Alternative content
Awk is a programming language that is specifically designed for quickly manipulating space delimited data. Although you can achieve all its functionality with Perl, awk is simpler in many practical cases.
Why awk? You can replace a pipeline of 'stuff | grep | sed | cut...' with a single call to awk. For a simple script, most of the timelag is in loading these apps into memory, and it's much faster to do it all with one. This is ideal for something like an openbox pipe menu where you want to generate something on the fly. You can use awk to make a neat one-liner for some quick job in the terminal, or build an awk section into a shell script. You can find a lot of online tutorials, but here I will only show a few examples which cover most of bioinformatician daily uses of awk.

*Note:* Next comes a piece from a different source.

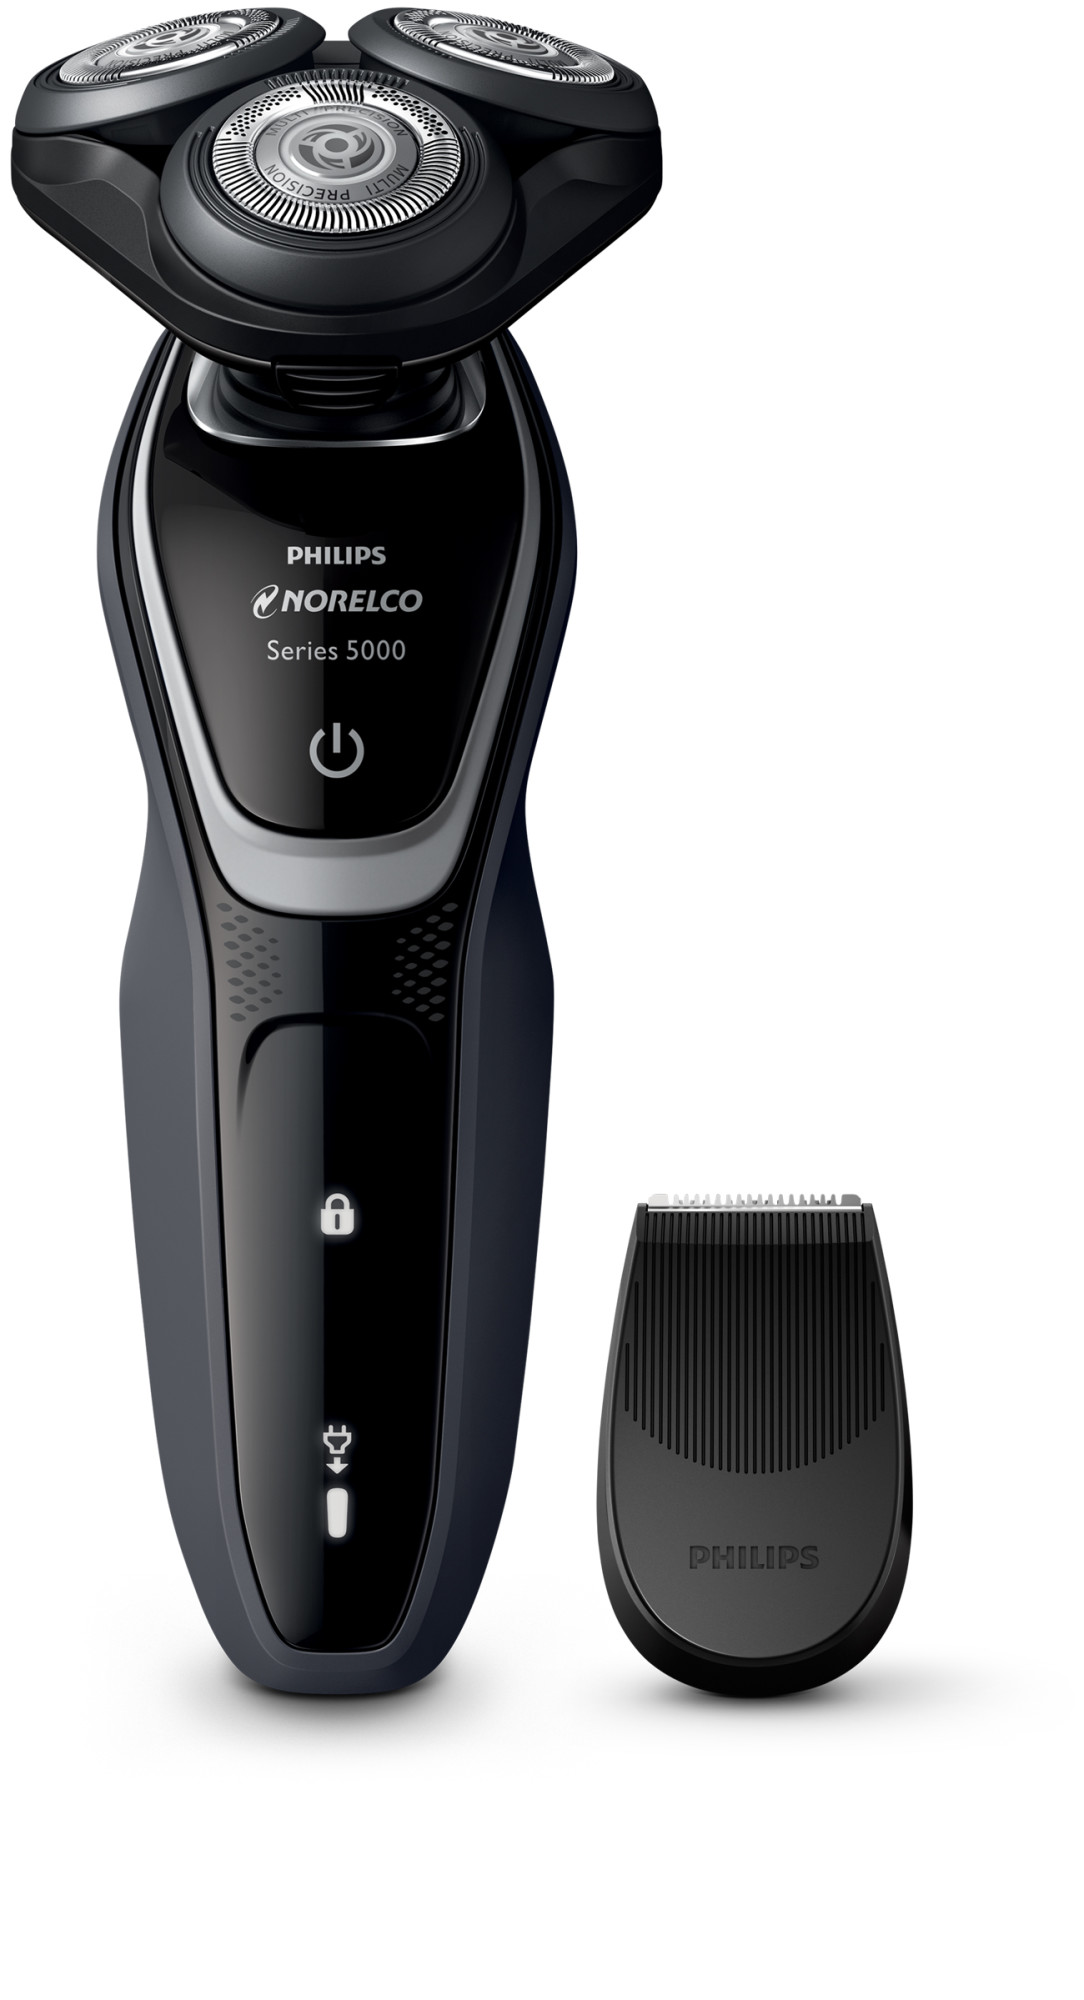 Philips Norelco 5100 Rechargeable Wet/Dry Electric Shaver S5210/81 - image 1 of 18

choose rows where column 3 is larger than column 5:
awk '$3>$5' input.txt > output.txt
extract column 2,4,5:
awk '{print $2,$4,$5}' input.txt > output.txt
awk 'BEGIN{OFS="\t"}{print $2,$4,$5}' input.txt
show rows between 20th and 80th:
awk 'NR>=20&&NR<=80' input.txt > output.txt
calculate the average of column 2:
awk '{x+=$2}END{print x/NR}' input.txt
regex (egrep):
awk '/^test[0-9]+/' input.txt
calculate the sum of column 2 and 3 and put it at the end of a row or replace the first column:
awk '{print $0,$2+$3}' input.txt
awk '{$1=$2+$3;print}' input.txt
join two files on column 1:
awk 'BEGIN{while((getline<"file1.txt")>0)l[$1]=$0}$1 in l{print $0"\t"l[$1]}' file2.txt > output.txt
count number of occurrence of column 2 (uniq -c):
awk '{l[$2]++}END{for (x in l) print x,l[x]}' input.txt
apply "uniq" on column 2, only printing the first occurrence (uniq):
awk '!($2 in l){print;l[$2]=1}' input.txt
count different words (wc):
awk '{for(i=1;i!=NF;++i)c[$i]++}END{for (x in c) print x,c[x]}' input.txt
deal with simple CSV:
awk -F, '{print $1,$2}'
substitution (sed is simpler in this case):
awk '{sub(/test/, "no", $0);print}' input.txt
OK now here's where to read this stuff properly explained. roll
Two thorough tutorials:
http://www.gnu.org/software/gawk/manual/gawk.html
http://www.grymoire.com/Unix/Awk.html
A famous list of useful one-liners - though they're short, many are quite tricky:
http://www.pement.org/awk/awk1line.txt
And some nice explanations of those one-liners. After reading this you'll have a pretty good grasp!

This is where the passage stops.